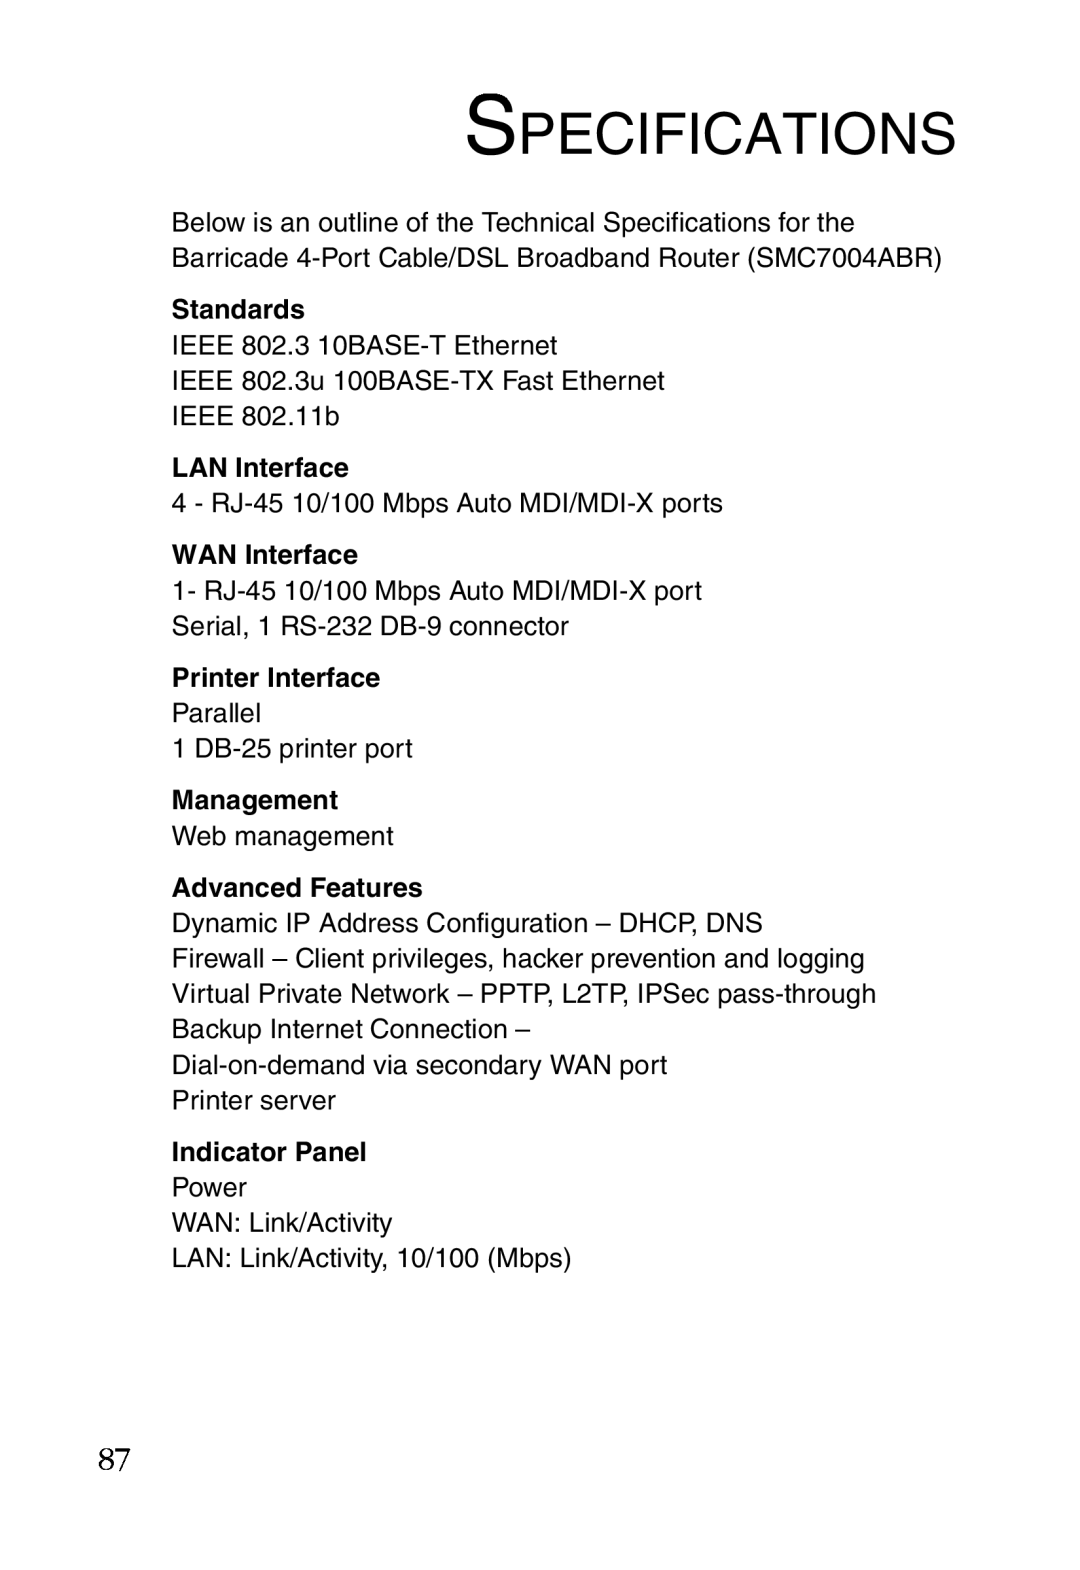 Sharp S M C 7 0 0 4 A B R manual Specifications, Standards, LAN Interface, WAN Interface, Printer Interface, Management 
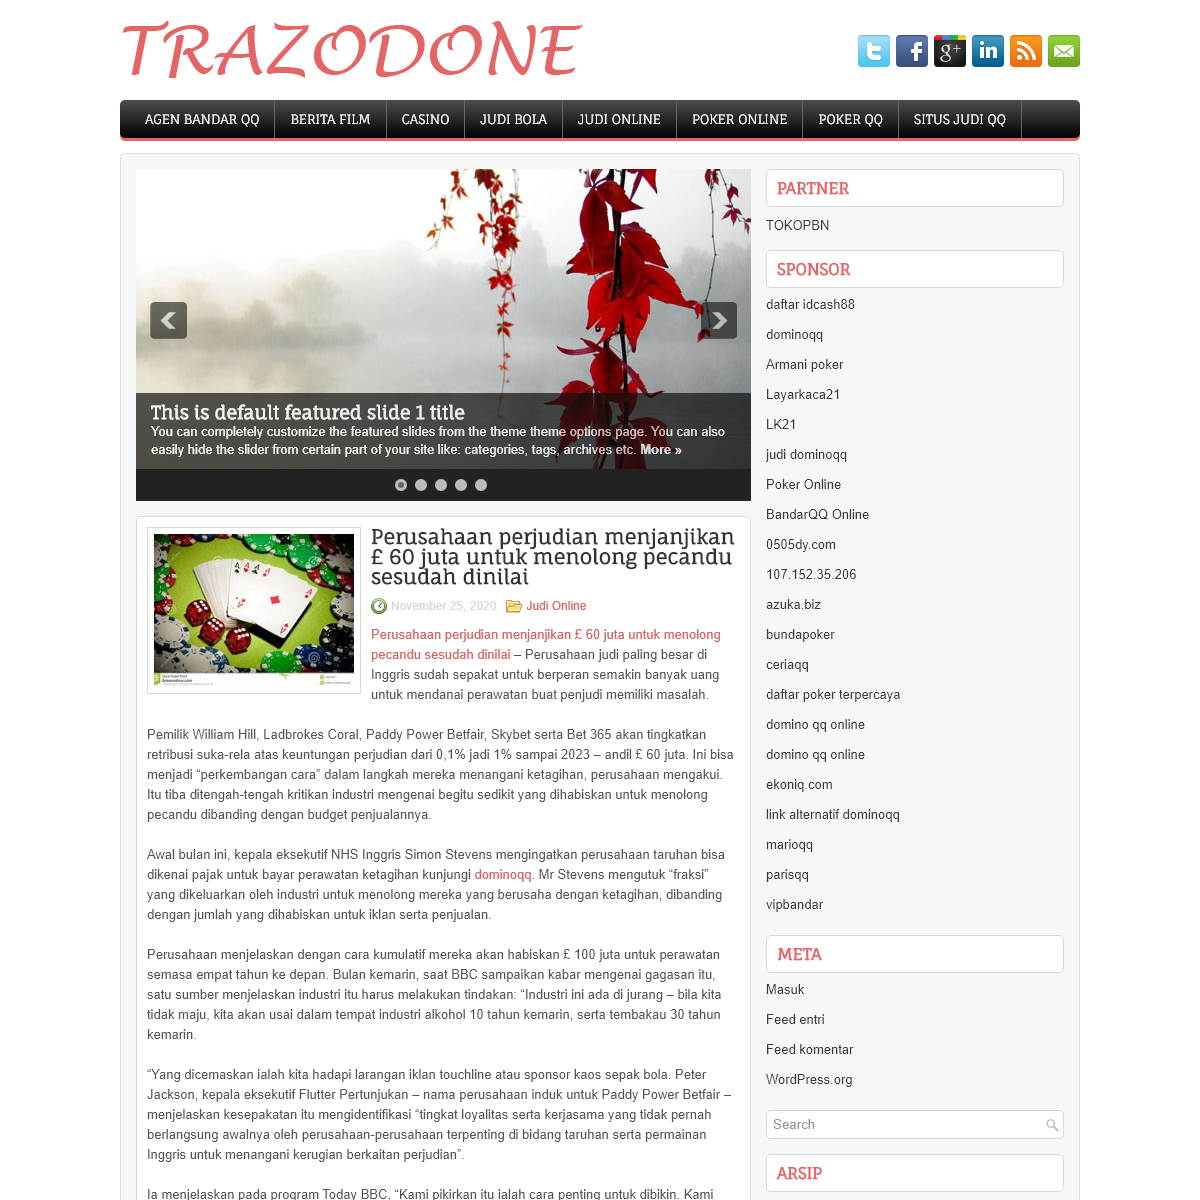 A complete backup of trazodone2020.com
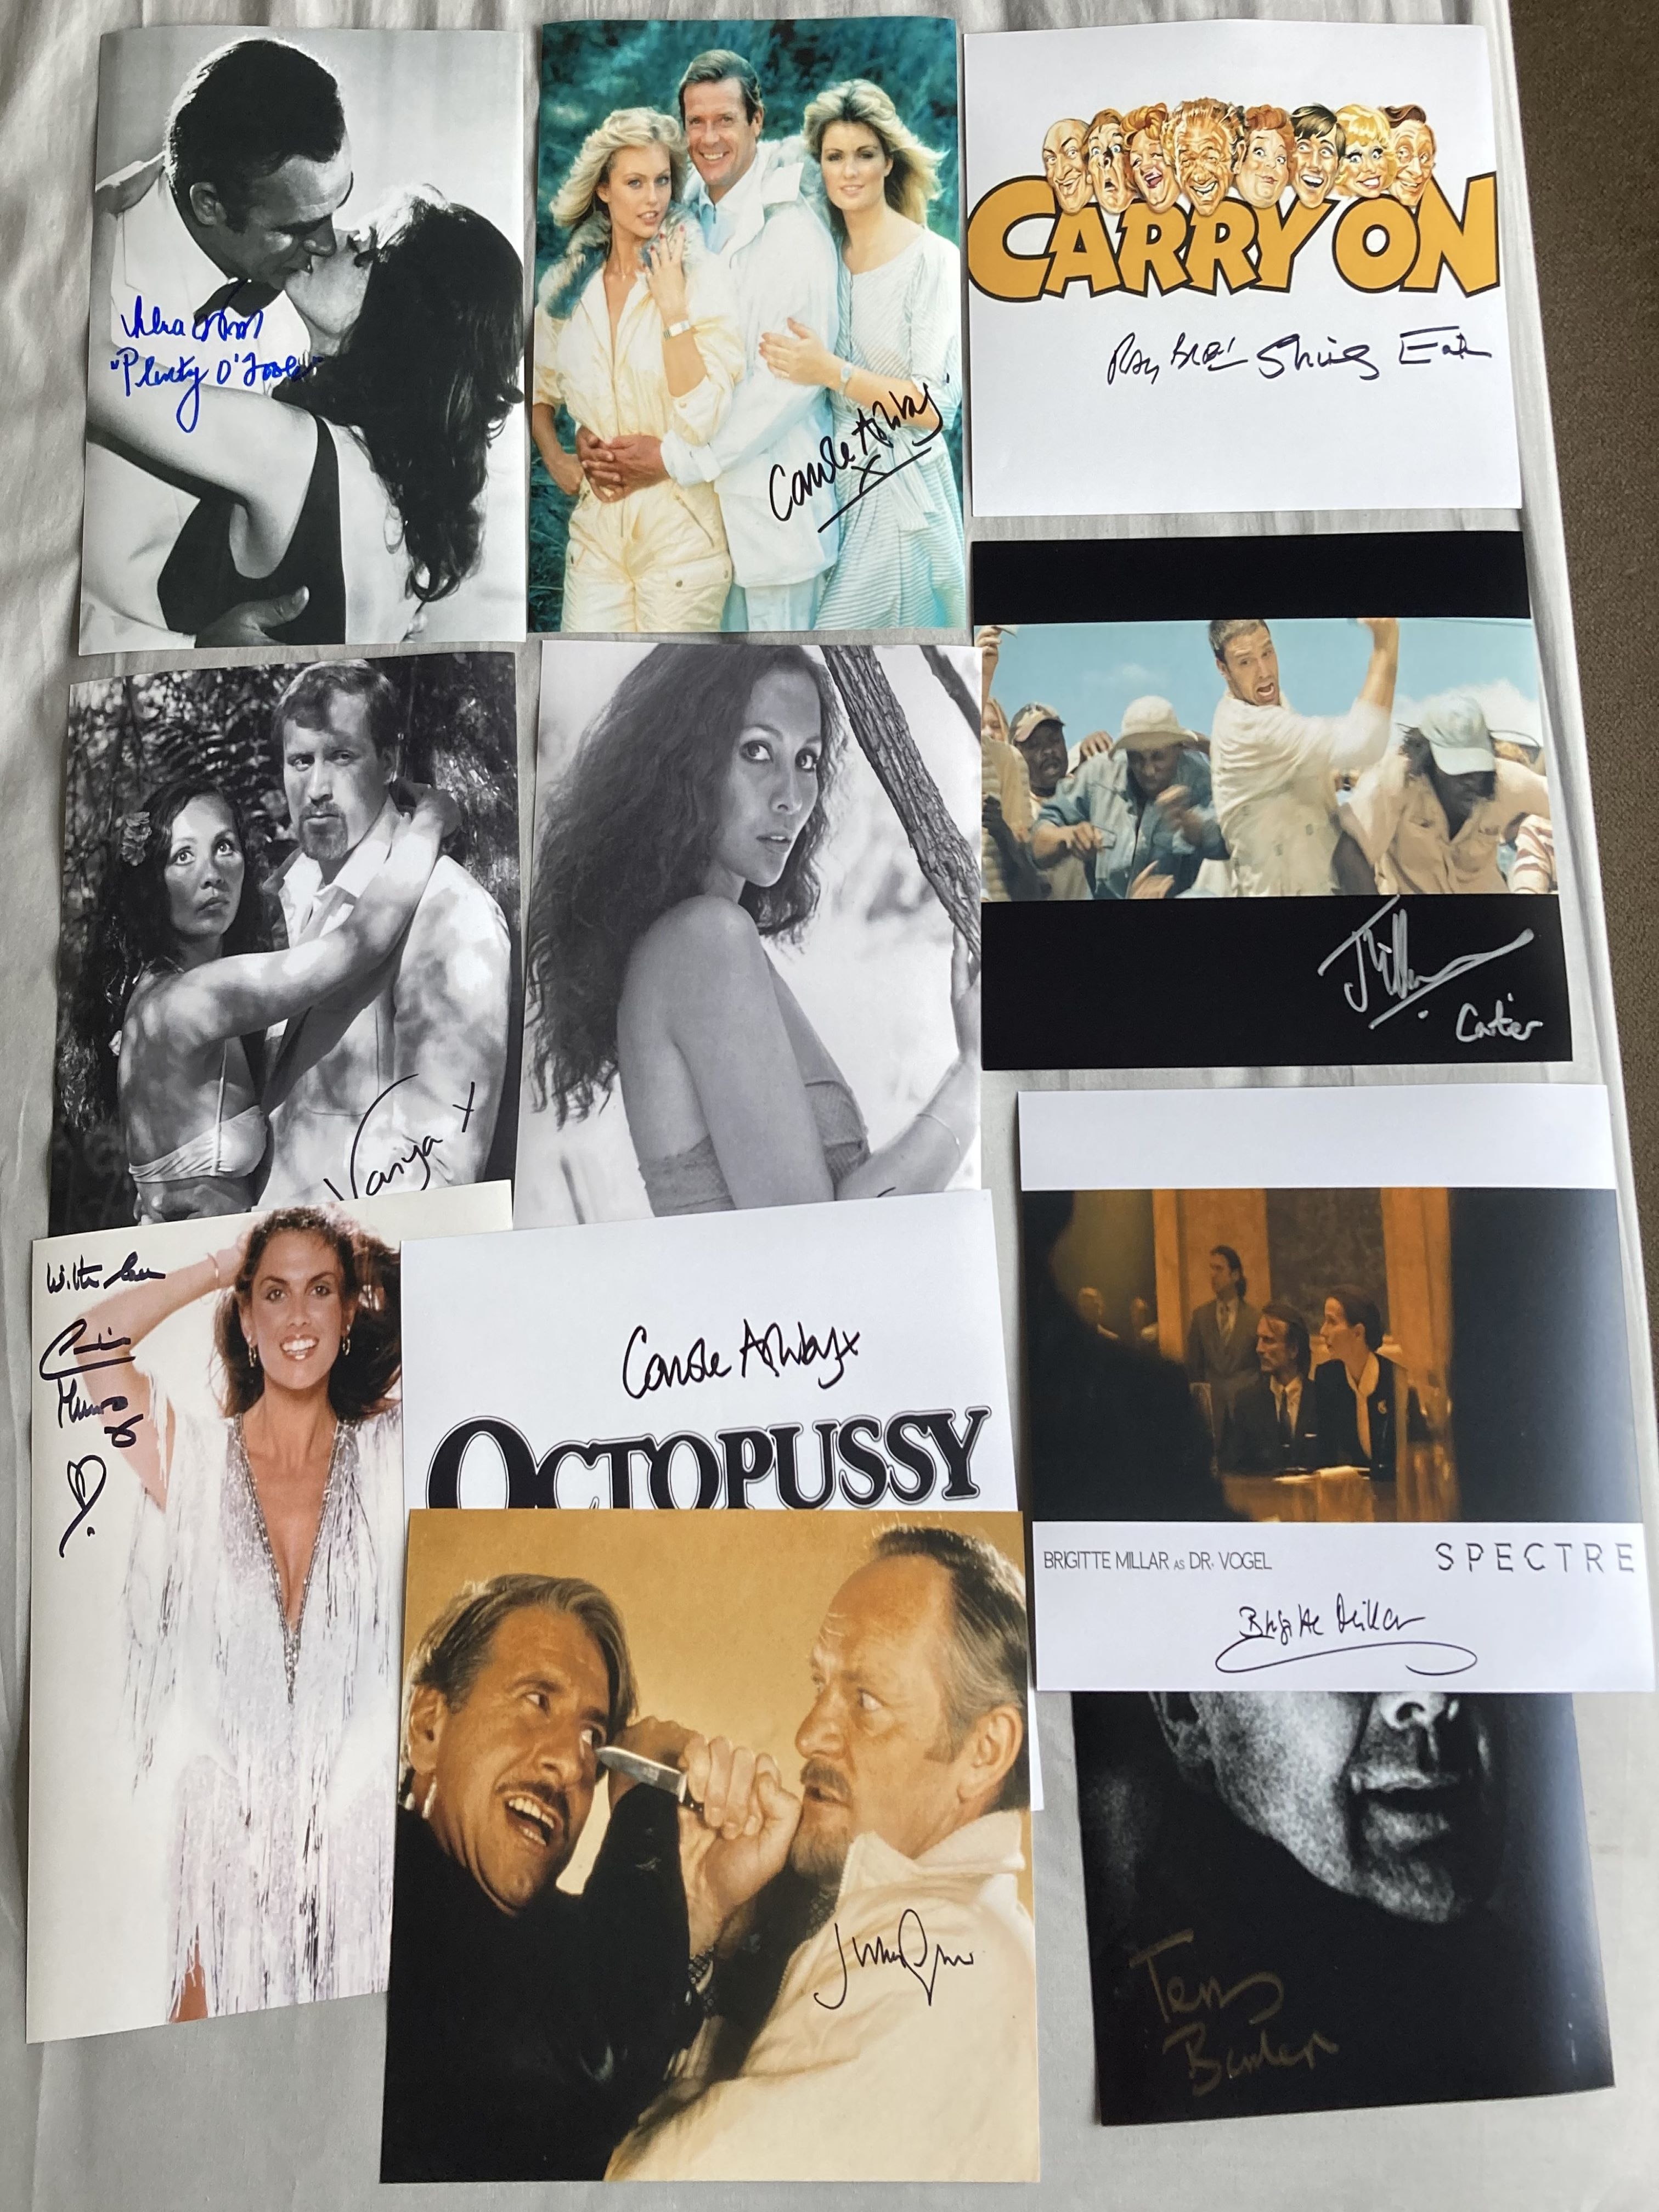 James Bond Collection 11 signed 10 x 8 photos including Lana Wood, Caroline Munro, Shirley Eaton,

== == ==

> **Work order**: When you reproduce the data shown above, keep each line exact and omit every picture.

> **Response for this exercise**:
 Sharp S M C 7 0 0 4 A B R manual Specifications, Standards, LAN Interface, WAN Interface, Printer Interface, Management 
 A complete backup of trazodone2020.com
 James Bond Collection 11 signed 10 x 8 photos including Lana Wood, Caroline Munro, Shirley Eaton,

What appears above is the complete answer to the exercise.